Despite the tremendous progress in understanding cancer, successful control of advanced cancers remains a significant challenge in part due to tumor heterogeneity (7). Tumor heterogeneity is presented as molecular and cellular diversity at various levels, including within tumor, between different tumors, and over time. In cancer, tumor heterogeneity is thought to arise mostly from stochastic genomic alterations with selection favoring tumor growth and plasticity (8, 9). Nongenetic, but inheritable, epigenetic mechanisms can also play a role (10). Molecular subtyping efforts essentially attempt to find generalizable and actionable principles among heterogeneous cancers that arose from independently complex evolutionary trajectories. An illustrative example of this challenge can be found in colorectal cancer, where collective efforts have been conducted to establish consensus molecular subtypes that integrate multidimensional bulk-profiling data (11). More recently, single-cell resolution data established a new classification system for colorectal cancer (12). However, these data also show that individual cells exhibit more similarity within a tumor than across tumors, demonstrating that each tumor potentially can be classified as its own subtype. This can be attributed to individualized genetic variation and somatic evolutionary patterns that give rise to intertumoral variability in advanced cancers. Clinical outcomes also demonstrate the impact of tumor heterogeneity. Almost all advanced cancers develop resistance to targeted therapies, even those that exhibit drastic initial response. Evidence points to intratumoral and temporal heterogeneity as the main forces fostering therapy resistance (13). These instances highlight significant obstacles posed by tumor heterogeneity in decoding cancers with individual variabilities.
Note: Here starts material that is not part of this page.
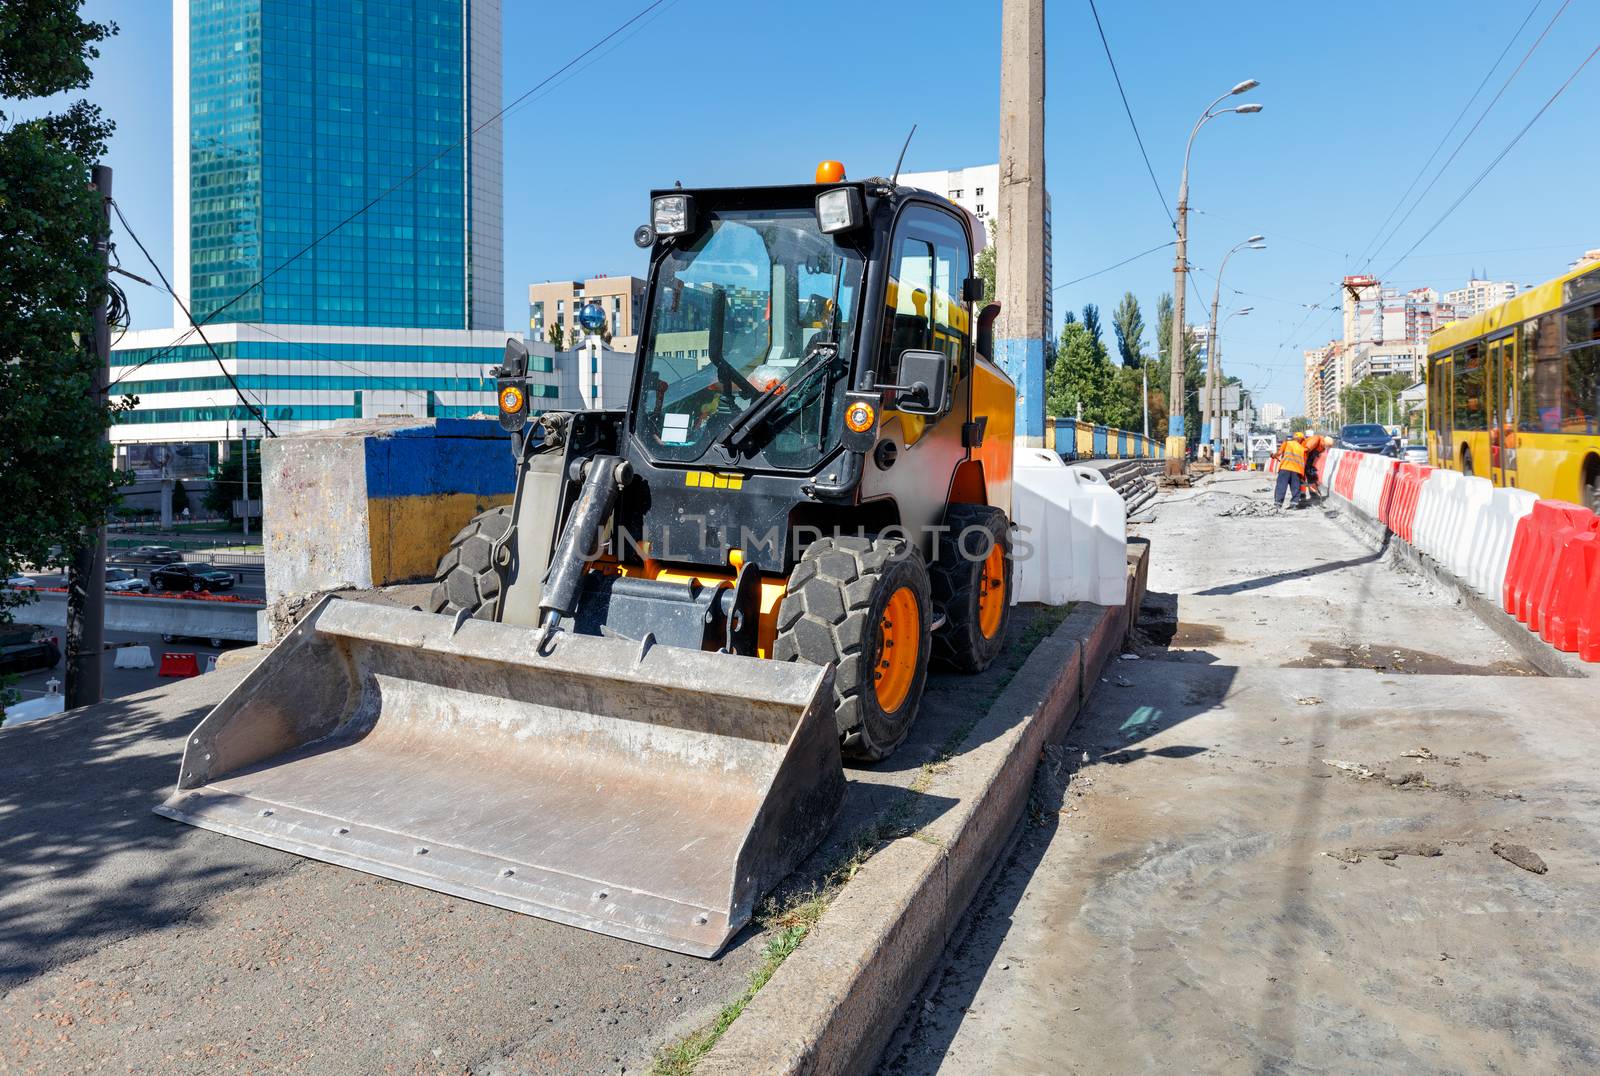 A light construction bulldozer during the repair of an asphalt road on a city street at noon.

Lesions at premalignant stages can provide alternative windows for cancer intervention. Precancerous lesions often precede the development of invasive carcinoma (14). Precancers are usually less heterogeneous than cancers (13, 15), as premalignant lesions (PML) usually start with mutations in well-known driver genes that initiate neoplastic growth, as opposed to mutations arising later in tumor evolution that are harbored by subclones that contribute to intratumoral heterogeneity and patient-to-patient variation (16, 17). Given that higher levels of tumor heterogeneity render worse outcomes to anticancer treatments (13), it is conceivable that early intervention is the key to controlling cancer.
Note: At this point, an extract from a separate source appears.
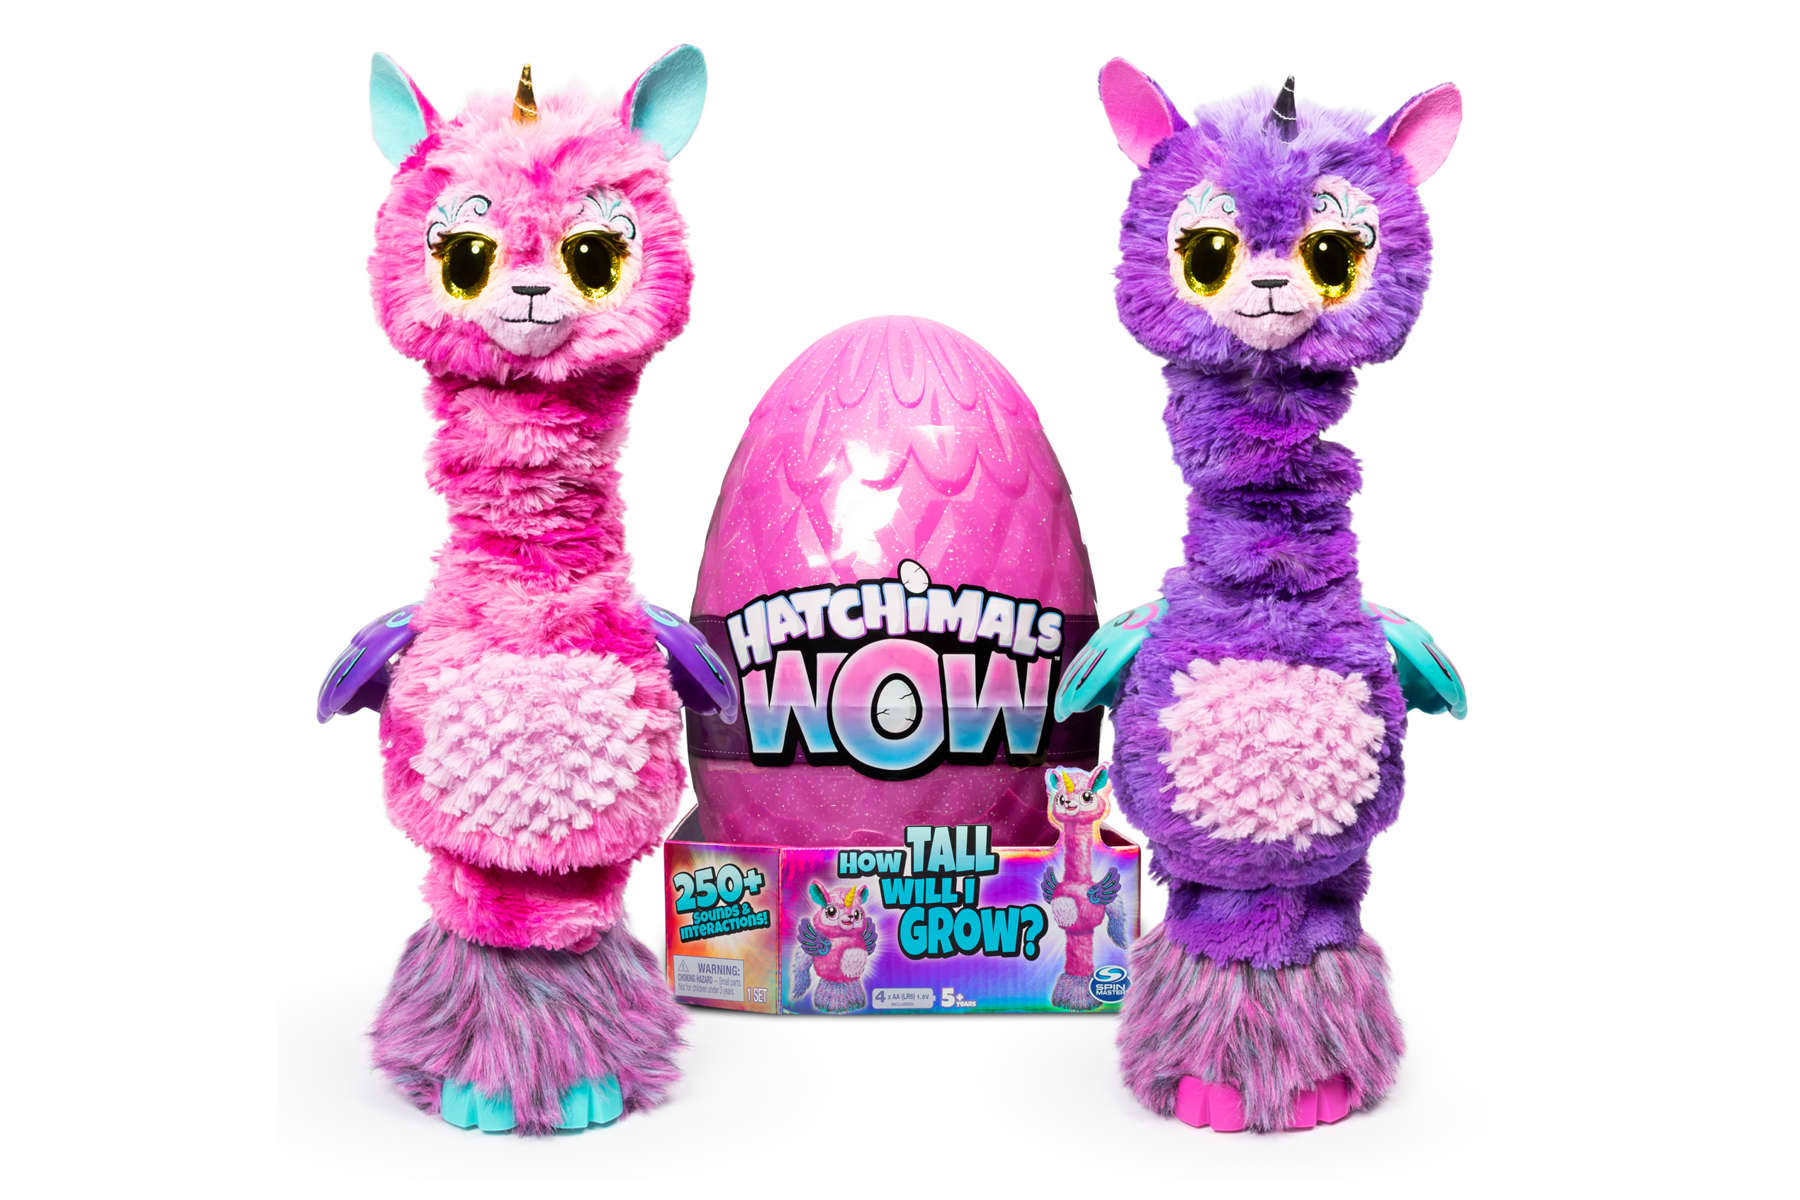 How Hatchimals and Fingerlings toymakers come up with ideas

Studying precancers also benefits our understanding of the disease from the perspective of prevention. Extrinsic factors, such as diets, smoking, alcohol consumption, and microbiome differences have profound influences on cancer development (18–20). Understanding the mechanisms, such as disrupted pathways modulated by extrinsic factors, would offer valuable information for developing preventative strategies. For example, a high-fat diet induced intestinal stem cell adaptation through peroxisome proliferator-activated receptor signaling pathway is associated with colorectal cancer risks, and the inhibition of key proteins in this pathway can reduce the protumorigenic effects of a high-fat diet on tumor initiation (21). This understanding of the high-fat diet induced tumorigenesis pathway opens new opportunities for diet-mediated cancer prevention. Furthermore, because not all PMLs will progress to cancer, it is also crucial to understand the features distinguishing lesions at high risks to those (16, 17) that are likely to regress (14). Understanding precancer biology may, in some way, be more effective in controlling cancer, because this knowledge is key to deliver timely intervention, guide appropriate follow-up screening, prevent overtreatments, and identify potential targets for early intervention.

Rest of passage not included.